Comment 5 Mladen Turk 2007-07-15 03:12:25 UTC
After a second thought, mod_jk still needs to load.
The error.log entry and probably console output should be enough.
It should behave in the same way as for example configuring
the wrong path wor the Directory or WirtualHost root.
Log that and continue. Httpd will return 404 in that resource is requested.

So I think we are fine with what we have right now.
The worker(entire balancer) is disabled as well as his mappings.
Comment 6 Rainer Jung 2007-07-16 06:28:07 UTC
Which was the web server, where the behaviour got observed?

Actually we implemented both variants:

Apache 2.x: any validation failure will make wc_open() return JK_FALSE and
Apache will log an error and *not* start.
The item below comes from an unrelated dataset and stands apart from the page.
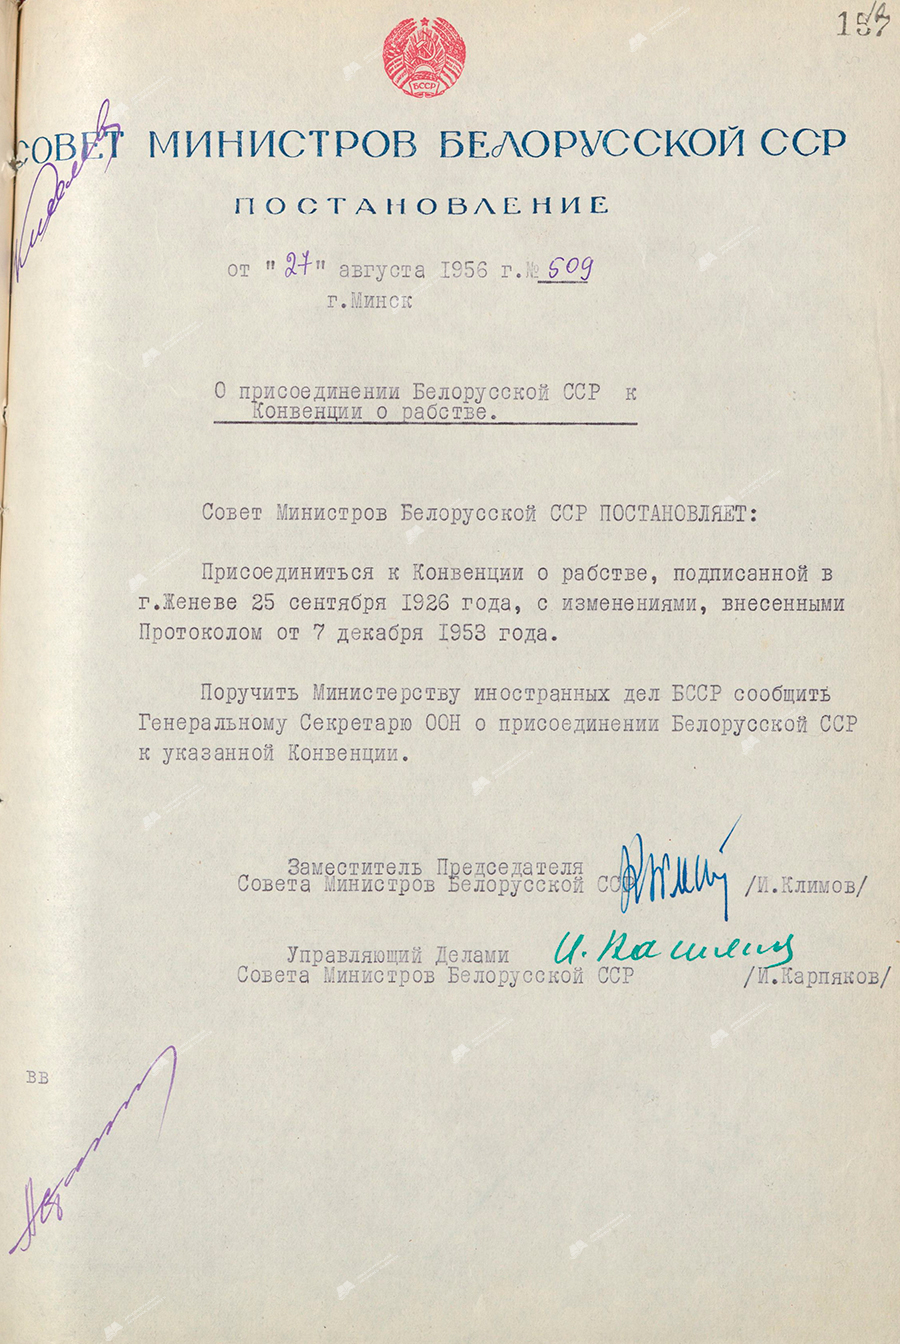 Beschluss Nr. 509 des Ministerrats der Weißrussischen SSR «Über den Beitritt der Weißrussischen SSR zum Sklavereiübereinkommen»-стр. 0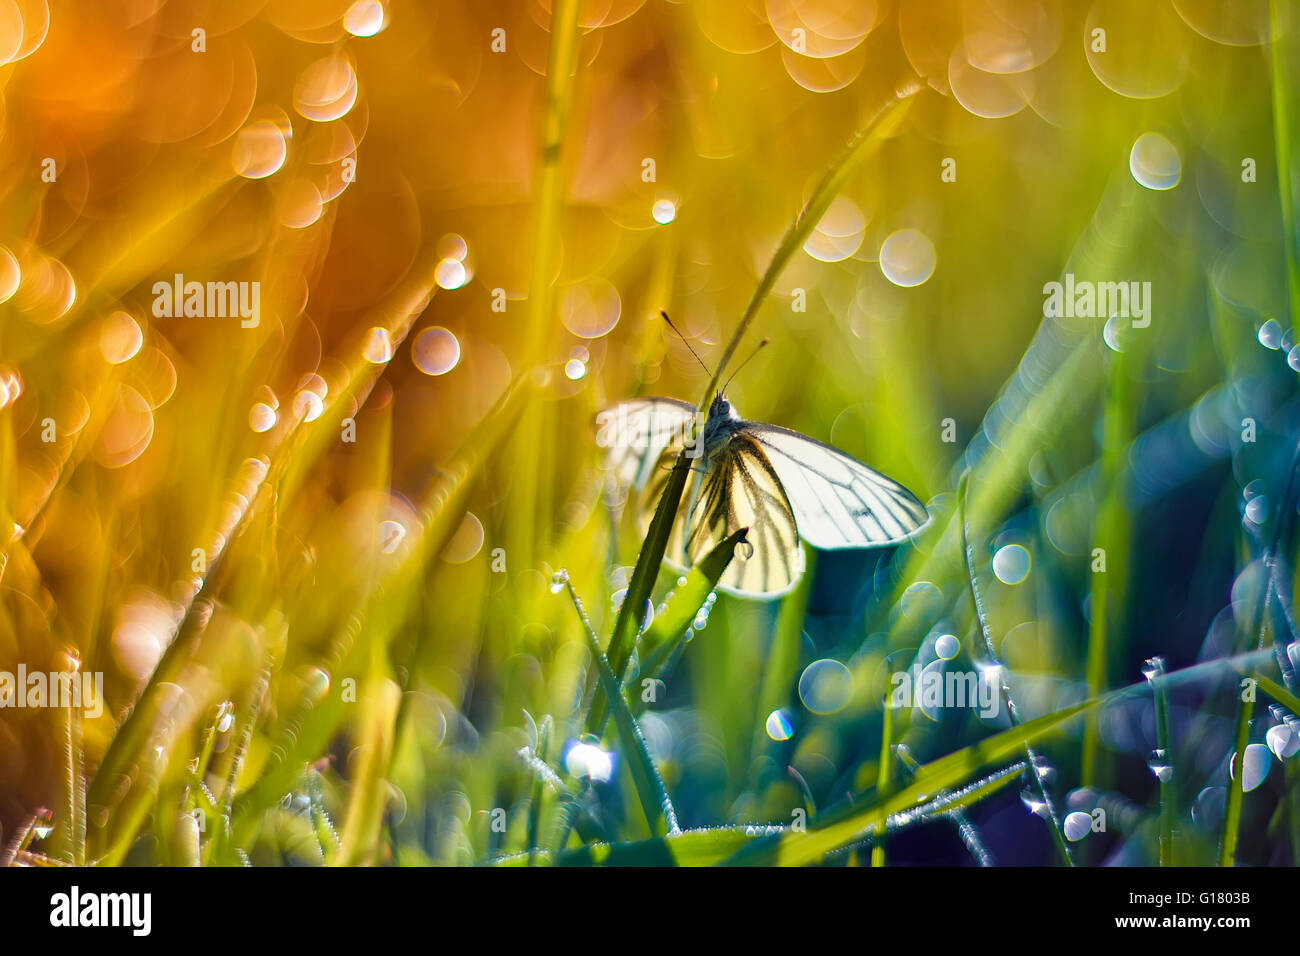 Hintergrund, schöne, helle, Schmetterling, Farbe, bunt, Feld, Fliege, Garten, Rasen, grün, Insekt, Blatt, Leben, Licht, Makro Stockfoto

Apache 1.3: only logs an error, but does start up. Worker initialization even
for the good ones might not be done!

IIS: Not sure.

Netscape: Codes looks like we only log a line, so seems to be the same as for
Apache 1.3

I would prefer to not start up. It is a problem, that can be detected during
startup. As such ir differs from typos in context URLs. Since we can detect the
problem during startup, we should tell people what's wrong and not do the startup.

I think, that Apache 2.x does it OK, we don't have it in Apache 1.3 primarily
for historic reasons, because the init hook does not allow return values. We can
use out jk_error_exit() function nevertheless.

I'll patch it for Apache 1.3 if noone objects. Mladen? Anyone else?
Comment 7 Mladen Turk 2007-07-16 10:20:46 UTC
No objections.

Not sure for IIS if we should or could force the entire service
shutdown. However we can retun 404 from filter if init failed.
Comment 8 Rainer Jung 2007-07-17 05:59:36 UTC
Apache 1.3: fixed in r556916 (don't startup if mod_jk has an initialization error)

IIS: fixed in r556836 (return HTTP status 500 if mod_jk has an initialization error)

Checked for Netscape and Apache httpd 2.x: Both already do not startup in case
of an initialization error.

Changes will be released as part of 1.2.24.
Comment 9 Rainer Jung 2008-01-01 16:32:29 UTC
Move a couple of fixed JK issues from resolved to closed.